On February 8, Pakistan held an election for National Assembly. The party that had won the 2018 election, PTI, had been removed from the 2024 election ballot for a technical violation of election laws. Therefore, PTI ran its nominees as independent candidates. Although not all votes have been counted, it appears that PTI’s candidates, running as independents, outpolled all of the other parties. Independents won at least 96 of the 237 seats. See this wikipedia article.
On February 9, the Democratic National Committee filed a complaint with the Federal Election Commission, charging that Robert F. Kennedy, Jr., is illegally getting help with ballot access from a Super PAC. Here is the filing. UPDATE: see this story, which predicts that the FEC is not likely to take any action.
The Democratic Party says “State law presumes that the candidate and the campaign will be the entities obtaining valid qualifying petitions” to get on the ballot. That is not necessarily true. In 2004, the Michigan Republican Party circulated a petition to put Ralph Nader on the ballot as an independent presidential candidate. Nader did not have anything to do with that petition drive. Democrats sued to invalidate the petition on the grounds that Nader’s campaign did not circulate it, but the Michigan State Court of Appeals ruled that nothing in state law required the presidential candidate’s campaign to be the only entity circulating such a petition. DeeLeeuw v State Board of Canvassers, 688 NW 2d 847.
Also, in 1968, petitions to place Eugene McCarthy on the ballot as an independent were circulated in Arizona, California, Illinois, Indiana, Iowa, Massachusetts, Michigan, Minnesota, Montana, Nebraska, New Hampshire, New York, Oregon, Vermont, and Wisconsin, and McCarthy had nothing to do with those efforts and even opposed them.
In 1960, petitions were circulated to put Arkansas Governor Orval Faubus on the ballot in several states, and Faubus had nothing to do with those efforts.

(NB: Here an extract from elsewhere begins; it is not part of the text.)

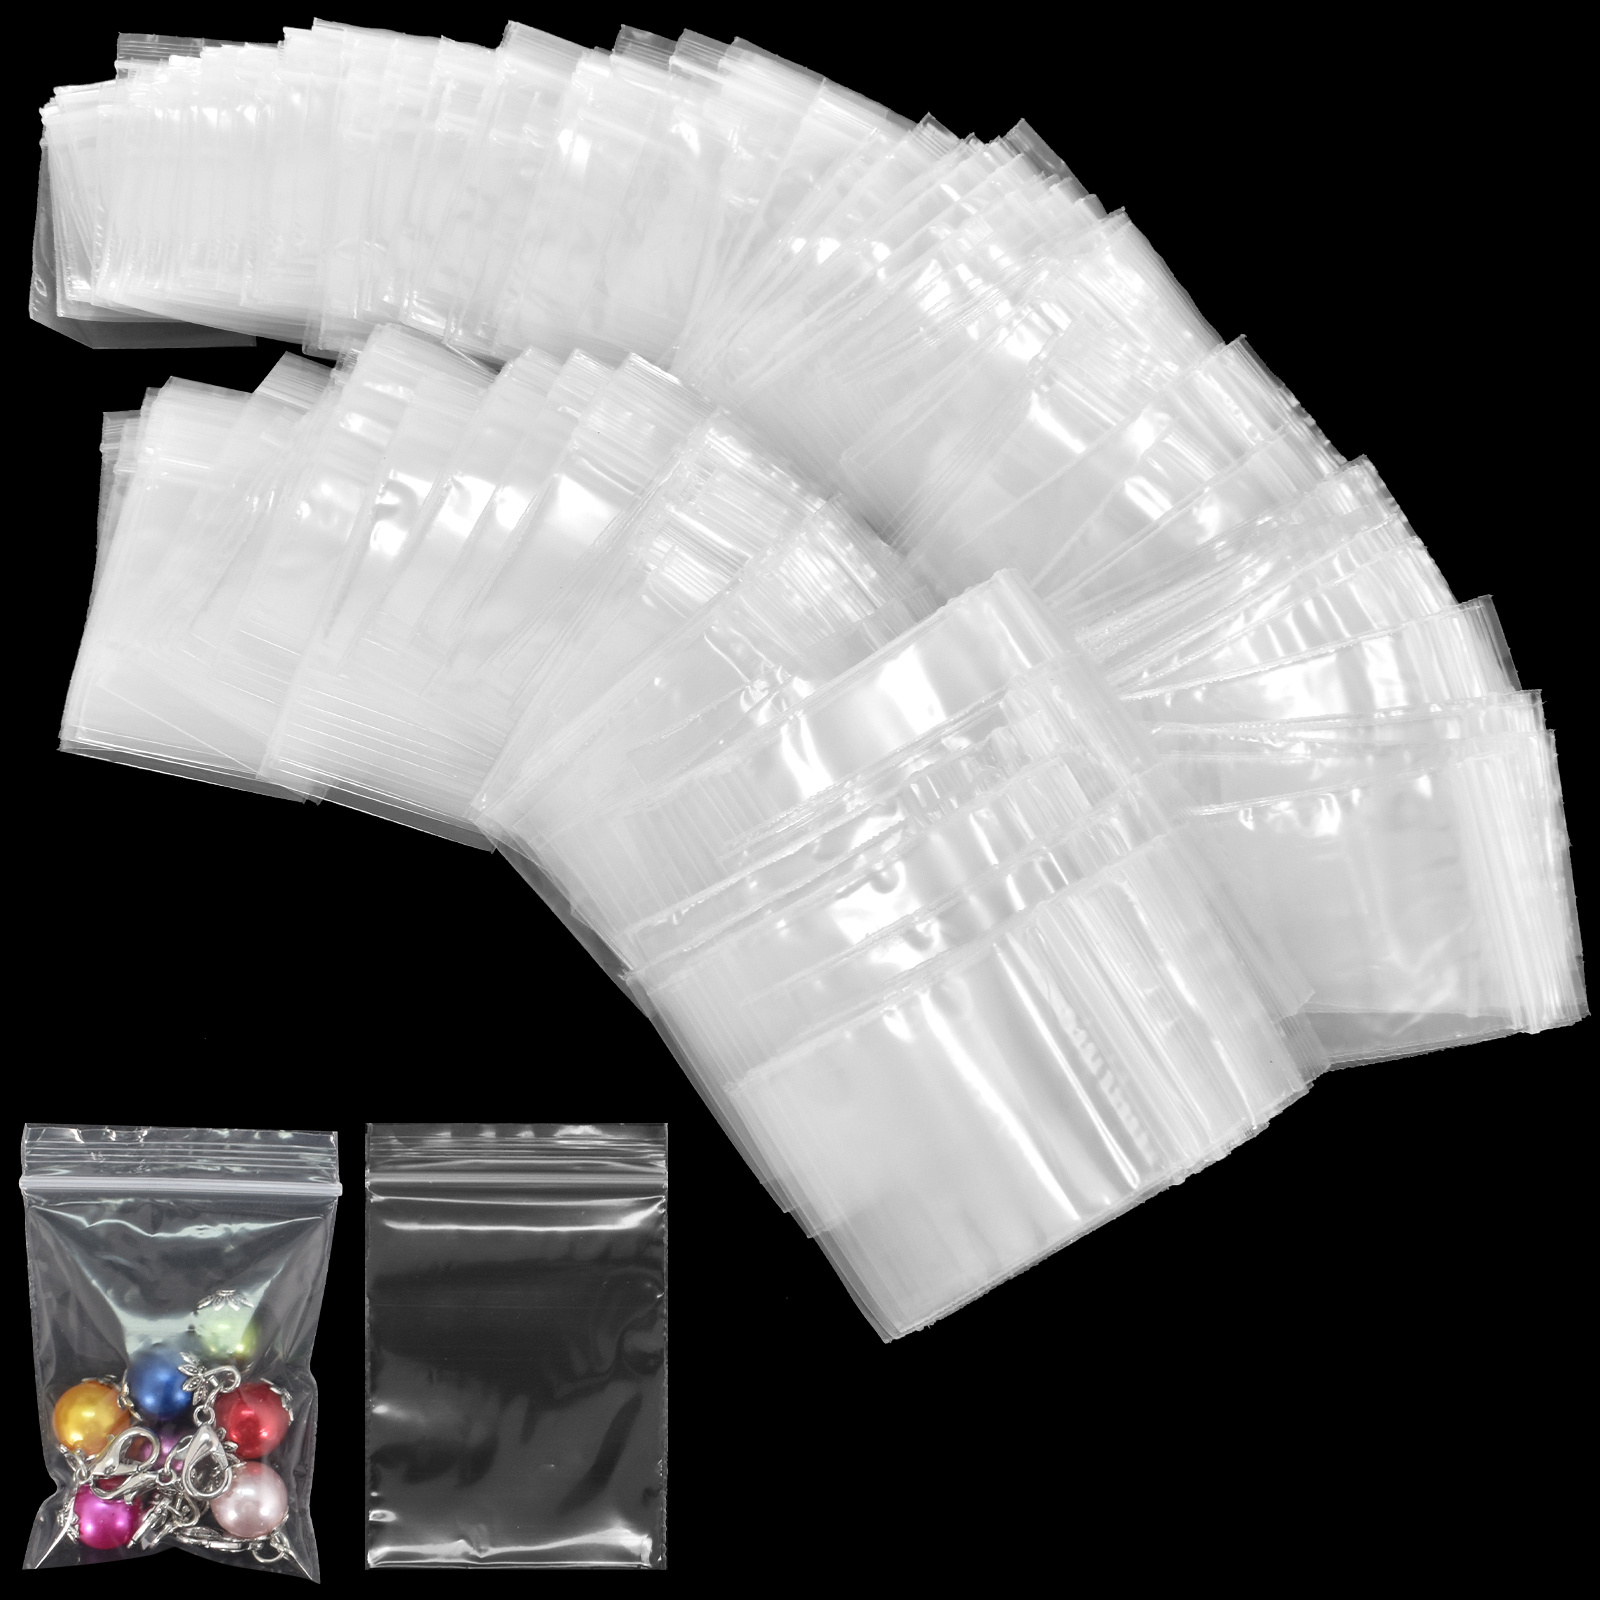 Small Zip Lock Baggies Plastic Packaging Bags Zipper Bag Self Adhesive Bag  Small Storage Bags Home Storage 1000/100/20 Pcs

In 1952, petitions were circulated to put General Douglas MacArthur on the ballot in several states, and he had nothing to do with those efforts. Thanks to ElectionLawBlog for the link.
On Saturday, February 24, 2024, from 5:30 to 7 PM PST, the first Presidential candidate panel will include Libertarian Party presidential candidates Michael Rectenwald and Mike ter Maat, along with Robert F. Kennedy, Jr. and Jill Stein, who is seeking the Green Party nomination.
On Sunday, February 25, 2024, again from 5:30 to 7 PM, the second Presidential candidate panel will include Libertarian candidates Lars Mapstead, Jacob Hornberger, and Charles Ballay, along with Independent candidate Cornel West.
The LPCA convention is February 23-25, 2024, at The Hilton Costa Mesa, 3050 Bristol St., Costa Mesa, CA 92626.
The U.S. Supreme Court oral argument seems to show that the Colorado Supreme Court decision that keeps former President Donald Trump off the ballot will be reversed, perhaps unanimously. Some of the justices, both Democratic and Republican appointees, seem very bothered by the idea that states can make decisions about ballot access in connection with the insurrection clause, because there would be a patchwork effect.
Justice Elena Kagan mentioned that the U.S. Supreme Court decision Anderson v Celebrezze shows that states don’t have unlimited discretion to bar candidates from the ballot, even though Article Two says they can appoint presidential electors any way they wish. It is a good signal for ballot access that the U.S. Supreme Court is thinking about Anderson v Celebrezze, which struck down early petition deadlines for independent presidential candidates.
The attorney for the objectors, Jason C. Murray, reminded the Court three times that there were no ballot access restrictions in place in 1868. It is very good that the Court heard this. It is possible that some members of the Court may not have known that. The attorney explained that there were no government-printed ballots until the 1890’s, which is true and which needs to be better known.